Op donderdag 22 oktober 2020 ondertekenden 32 landen de Geneefse Consensus Verklaring, een gezamenlijk document dat ondermeer de fundamentele positie van het gezin in de samenleving bevestigt.
Behalve door de Verenigde Staten is de verklaring gesponsord door Brazilië, Egypte, Hongarije, Indonesië en Uganda. Het document is verder ondertekend door ministers en andere hoge vertegenwoordigers van Bahrein, Wit-Rusland, Benin, Burkina Faso, Kameroen, de Democratische Republiek Congo, Congo, Djibouti, Eswatini, Gambia, Haïti, Irak, Kenia, Koeweit, Libië, Nauru, Niger, Oman, Pakistan, Polen, Saoedi-Arabië, Senegal, Zuid-Soedan, Soedan, de Verenigde Arabische Emiraten en Zambia. Samen vertegenwoordigen de genoemde landen 1,6 miljard inwoners.

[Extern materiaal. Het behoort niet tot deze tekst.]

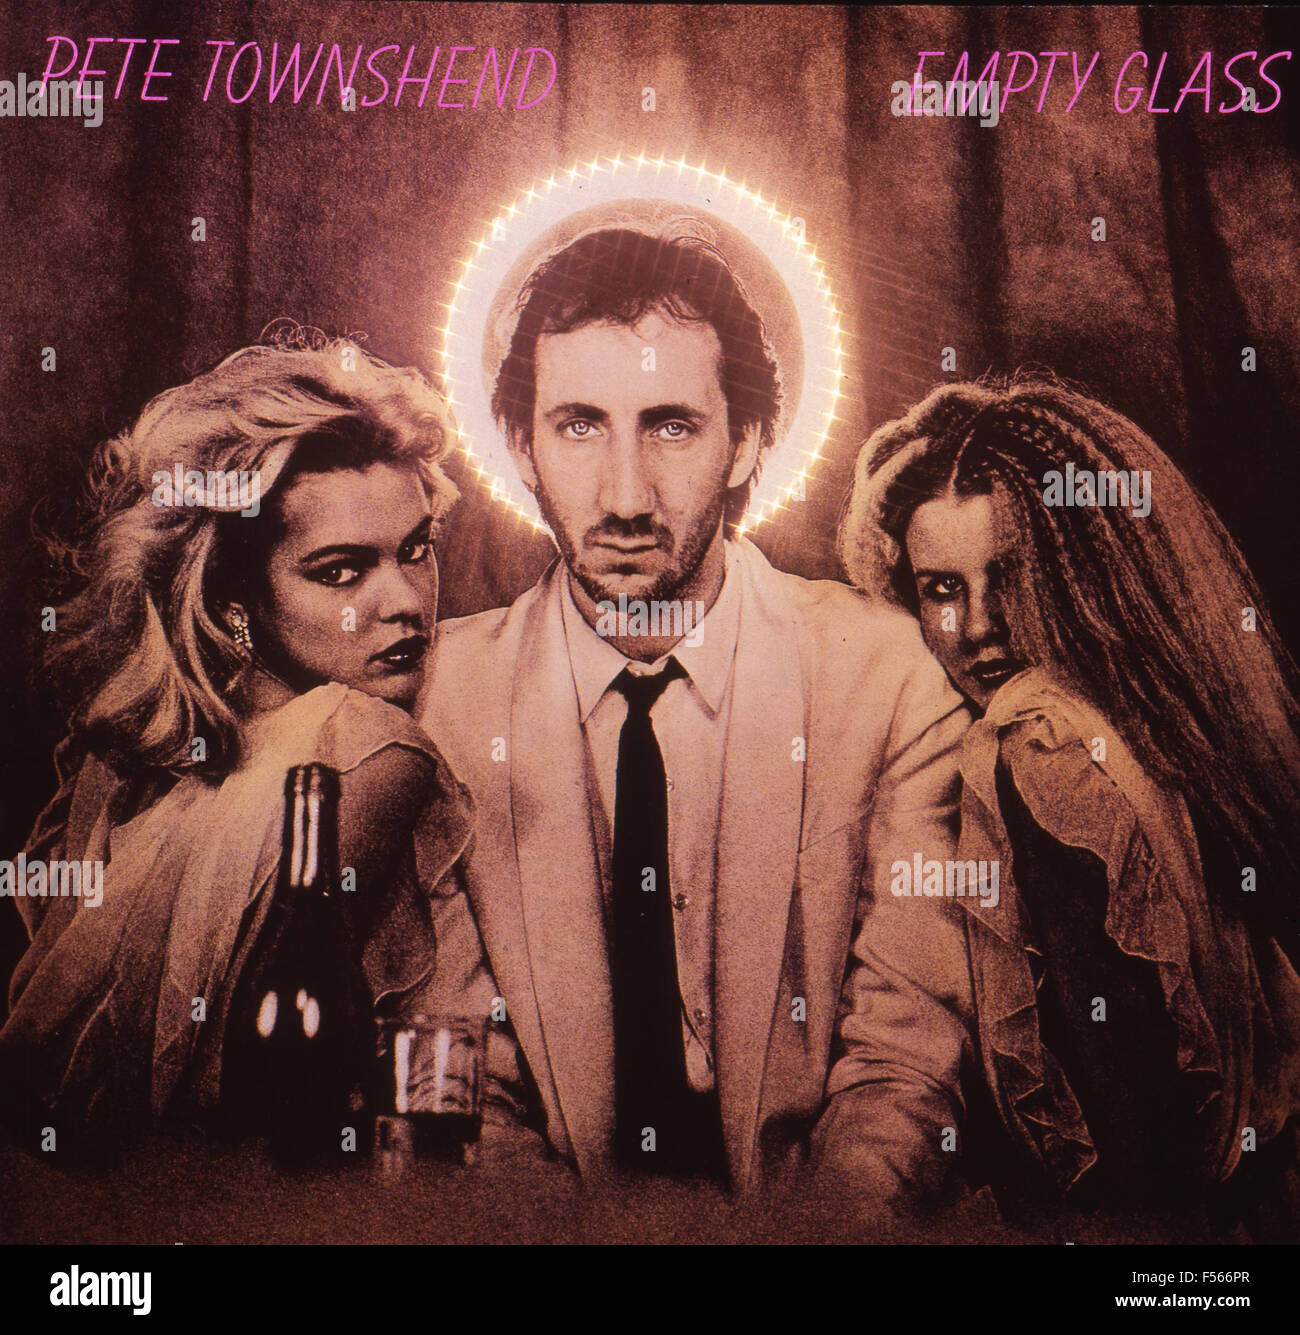 Svuotare il coperchio di vetro del 1980 album da solista di Pete Townshend. Solo uso editoriale. Foto Stock

De doelstelling van de coalitie van genoemde landen is gebaseerd op vier pijlers: (1) betere gezondheid voor vrouwen, (2) het behoud van het menselijk leven, (3) versterking van het gezin als de fundamentele eenheid van de samenleving, en (4) de bescherming van de nationale soevereiniteit van elk land in de mondiale politiek.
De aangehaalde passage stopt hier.